• Exercise: When writing out the entries below, keep only the lines from the line with "View larger image" to the line with "Festive Fling Emerald", both included, exactly as they are, and leave the pictures aside.

------ Exercise material

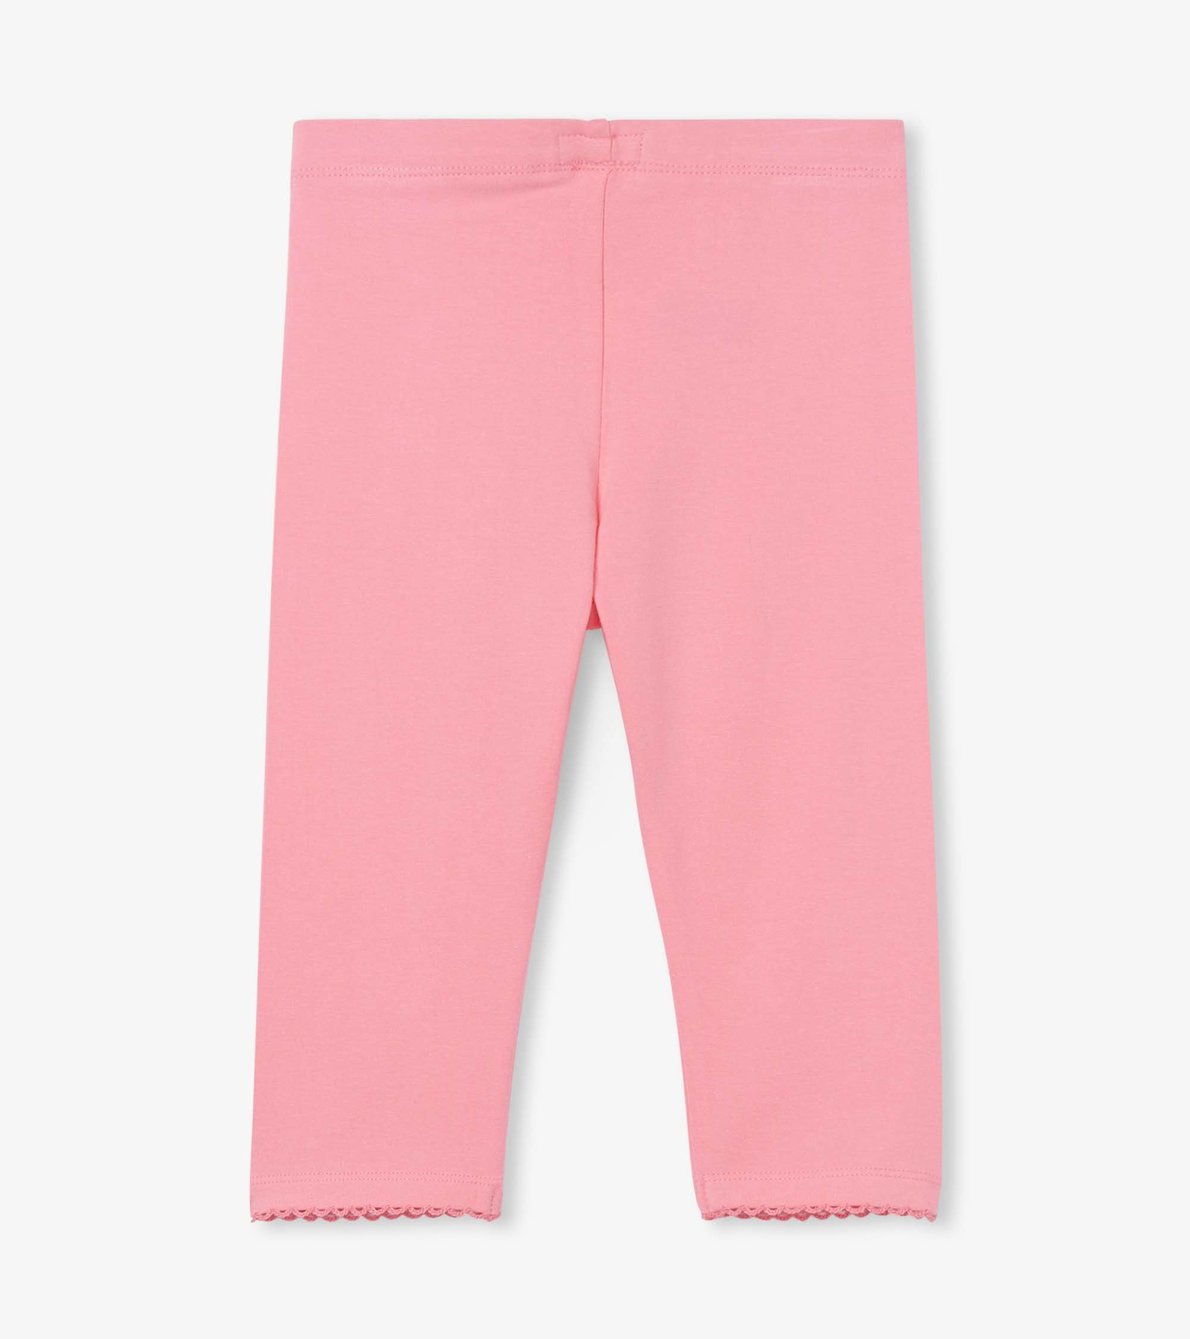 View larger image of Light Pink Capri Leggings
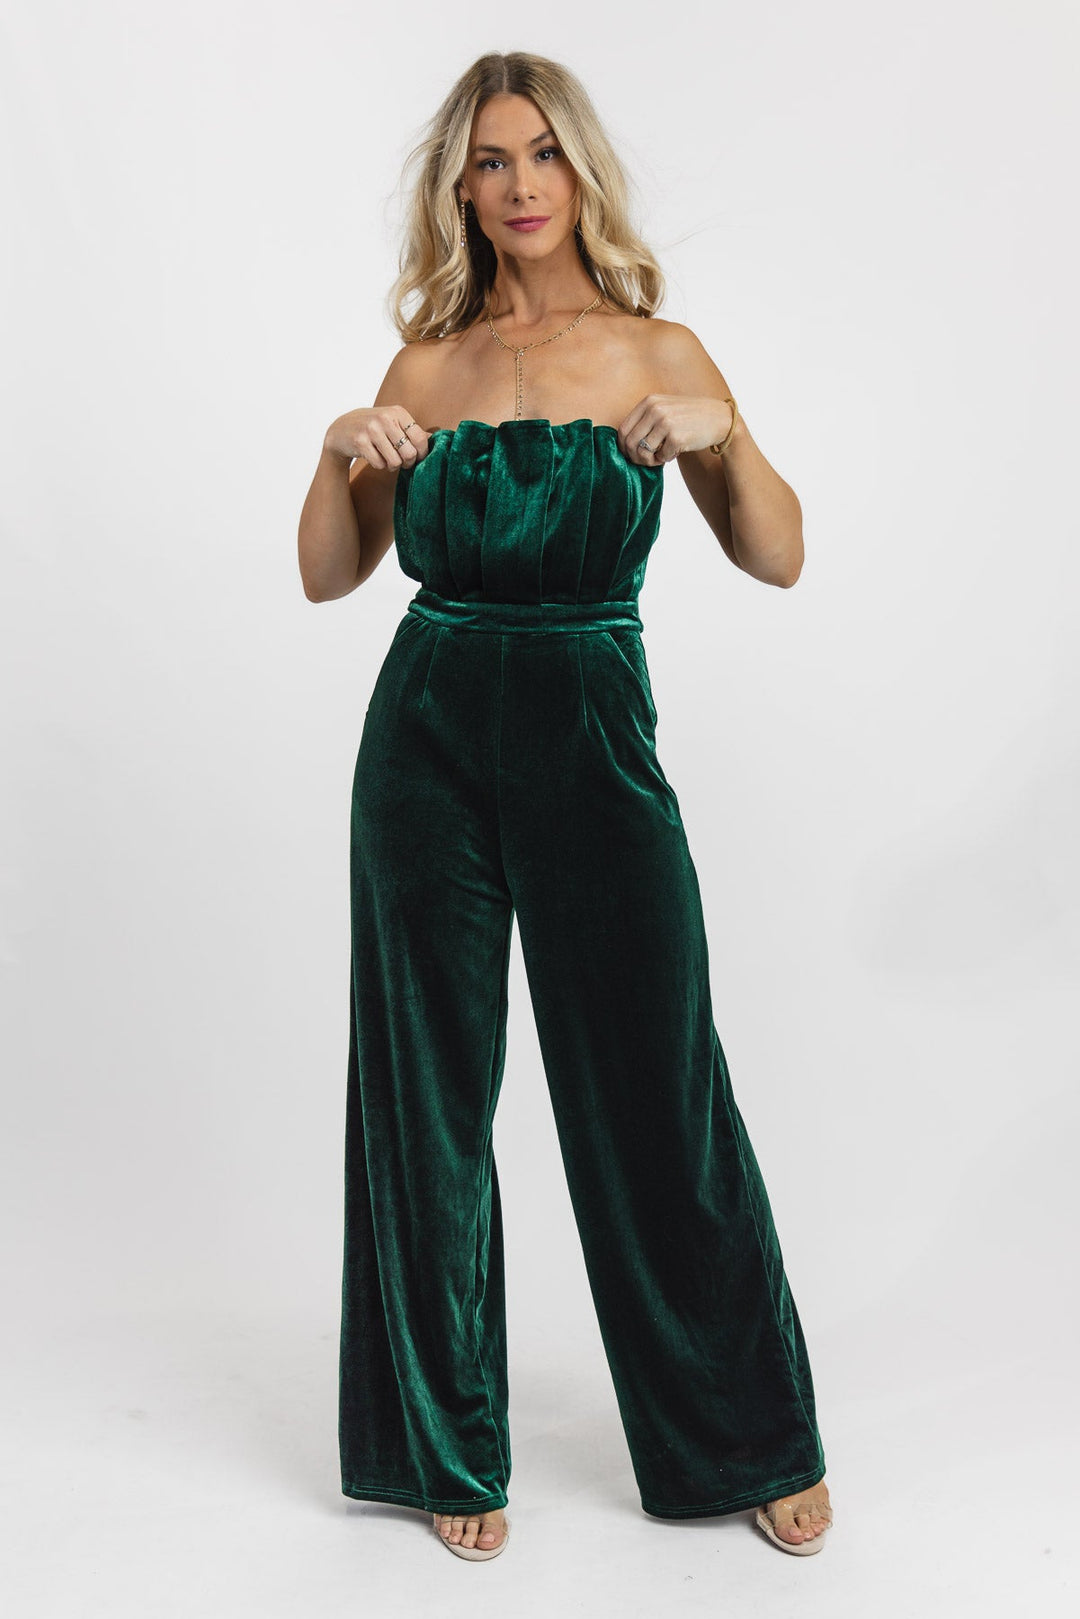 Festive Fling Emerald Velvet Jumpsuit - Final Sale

------------
------ Exercise material

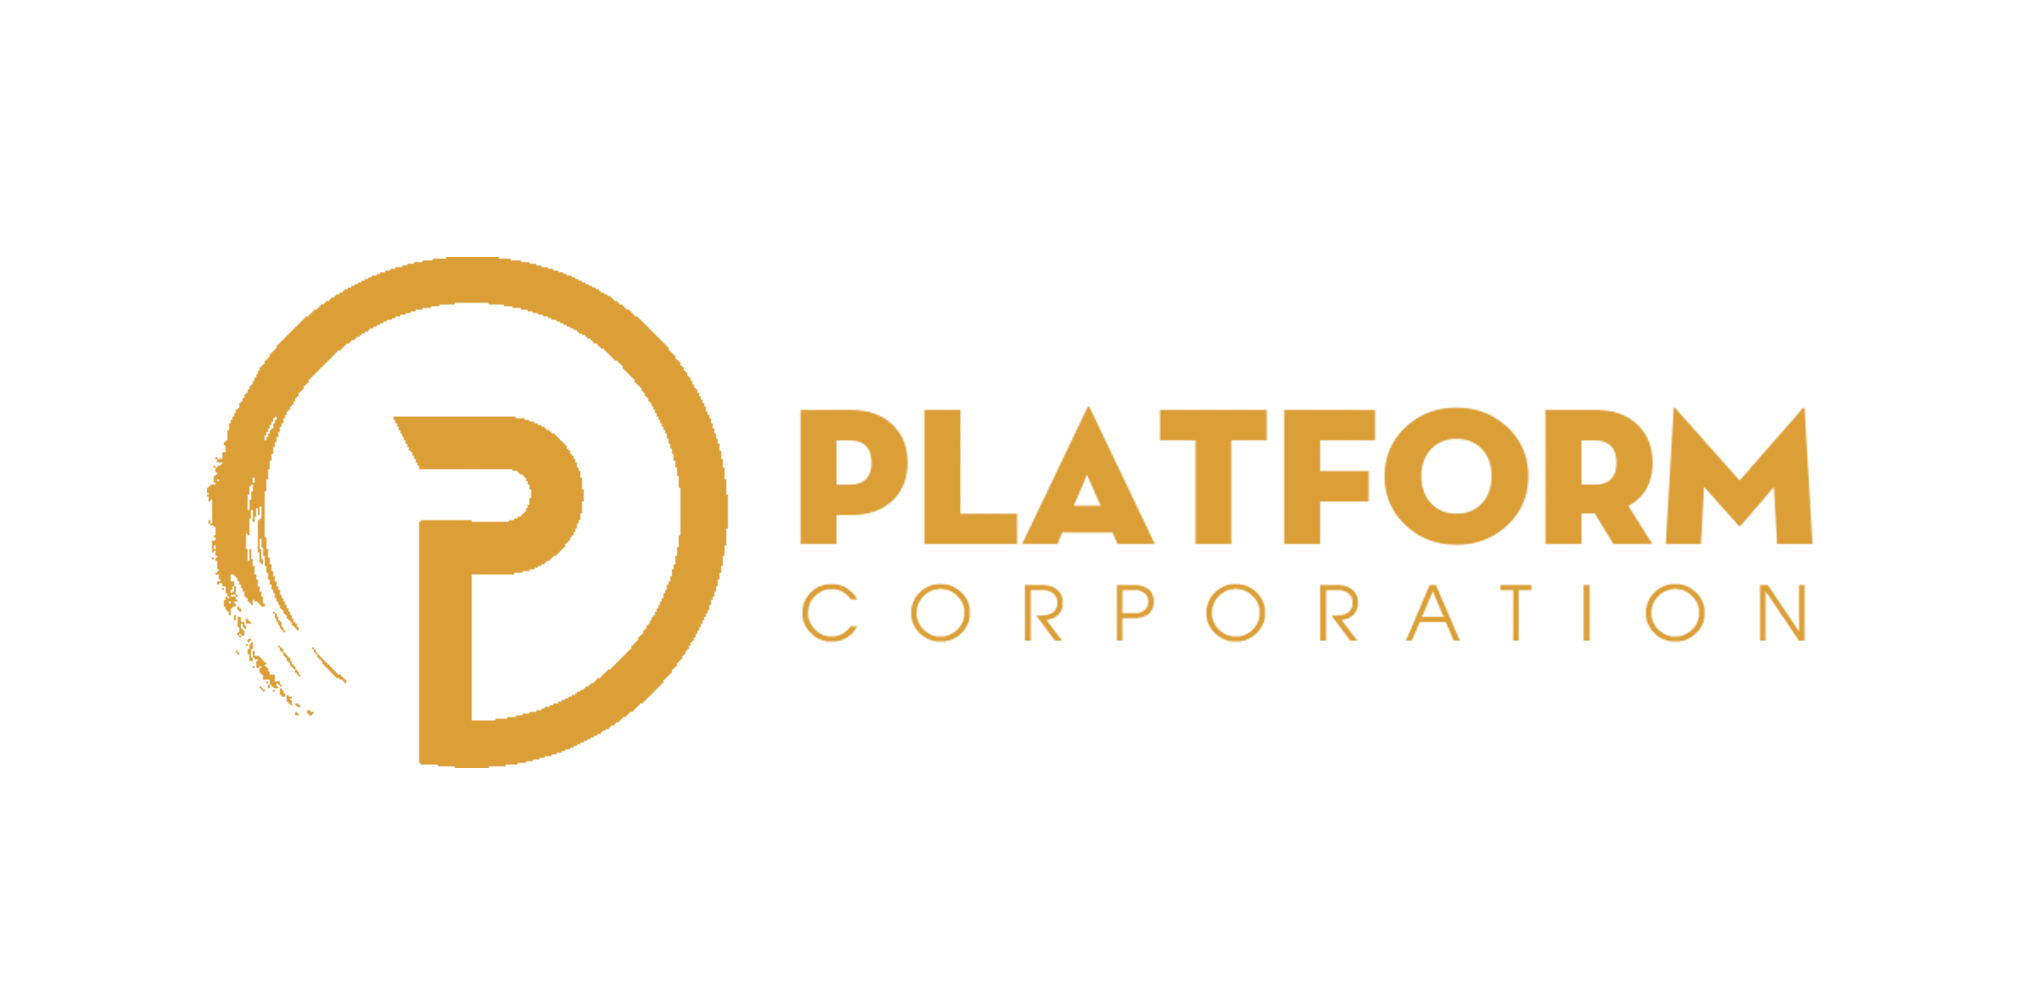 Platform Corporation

------------

• Task response:
 View larger image of Light Pink Capri Leggings
 Festive Fling Emerald Velvet Jumpsuit - Final Sale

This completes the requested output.